» **LISTED RECORDS**
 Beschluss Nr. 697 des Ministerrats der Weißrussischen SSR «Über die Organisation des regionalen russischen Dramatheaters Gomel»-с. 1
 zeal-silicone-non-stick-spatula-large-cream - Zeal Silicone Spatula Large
==
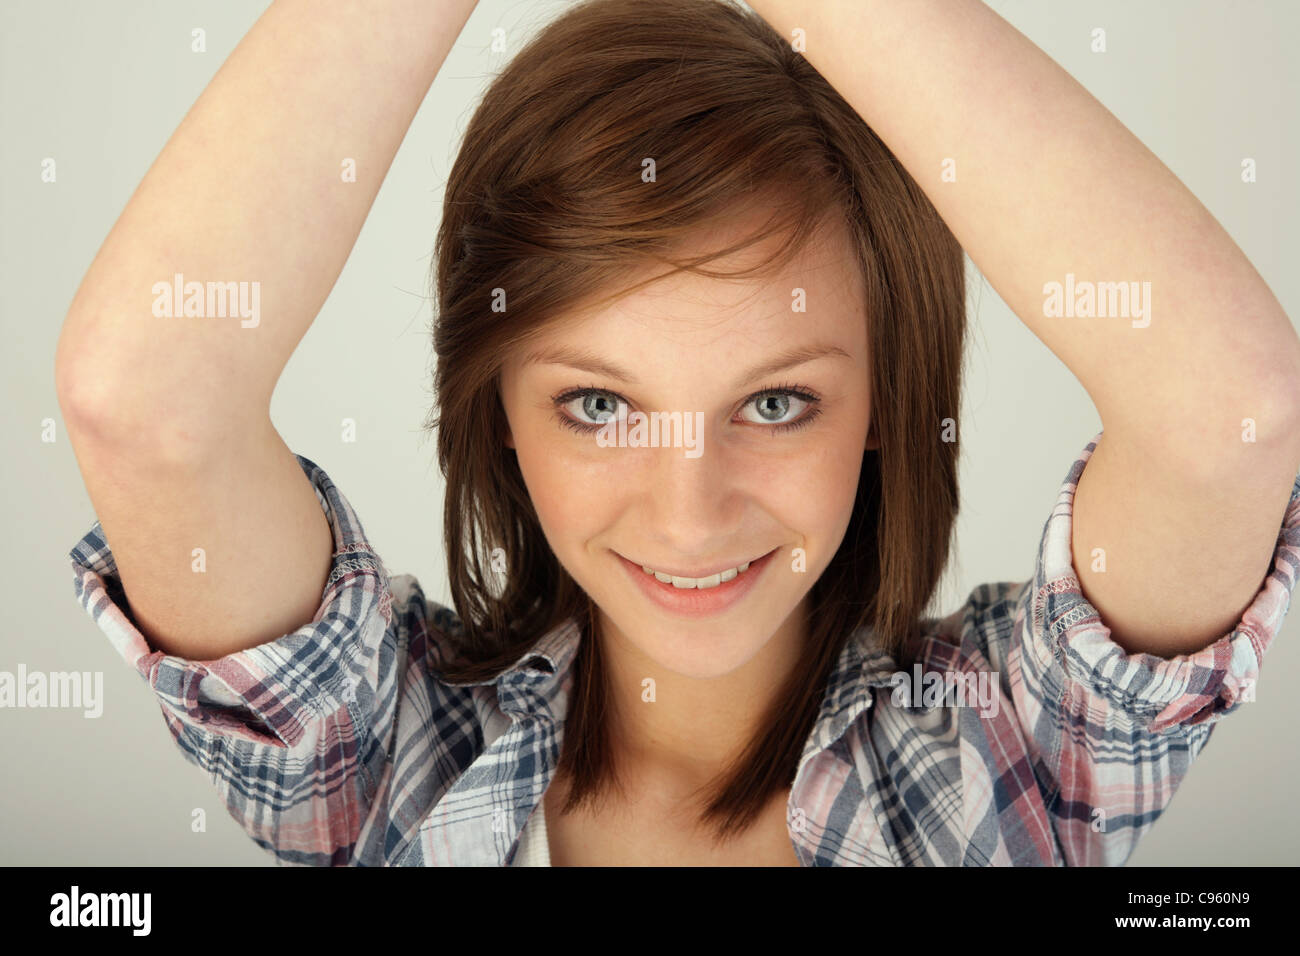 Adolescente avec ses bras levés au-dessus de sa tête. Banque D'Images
...
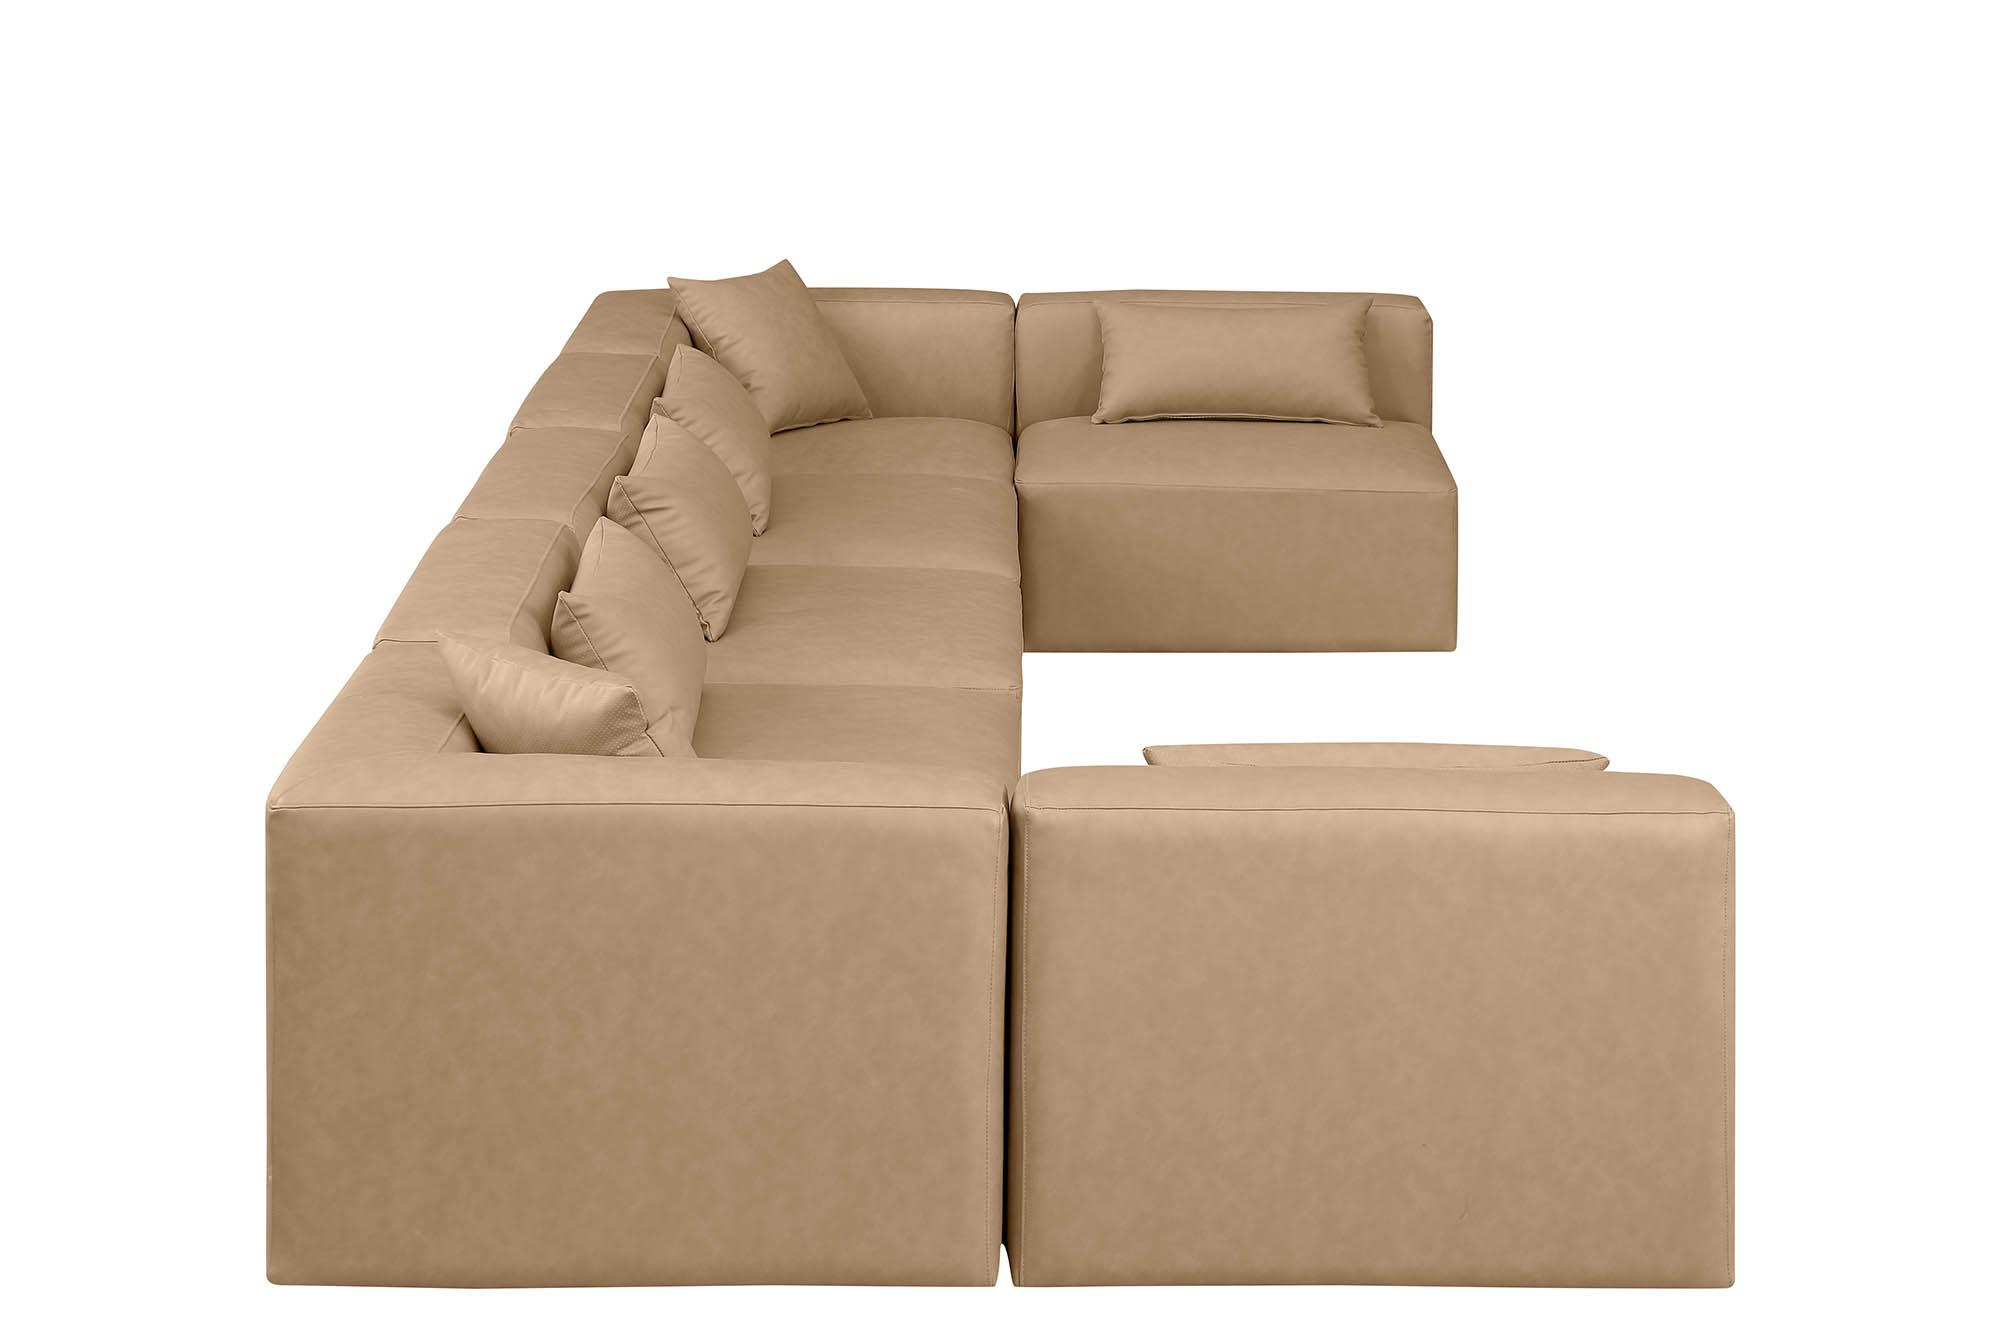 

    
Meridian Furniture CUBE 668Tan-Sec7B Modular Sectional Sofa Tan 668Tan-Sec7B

» **WORK INSTRUCTIONS**
Within the listing above, the range opens at the line with "Beschluss Nr. 697" and closes at the line with "zeal-silicone-non-stick-spatula-large-cream - Zeal". Reproduce exactly the lines of that range, including both ends.

» **ANSWER SPACE**
 Beschluss Nr. 697 des Ministerrats der Weißrussischen SSR «Über die Organisation des regionalen russischen Dramatheaters Gomel»-с. 1
 zeal-silicone-non-stick-spatula-large-cream - Zeal Silicone Spatula Large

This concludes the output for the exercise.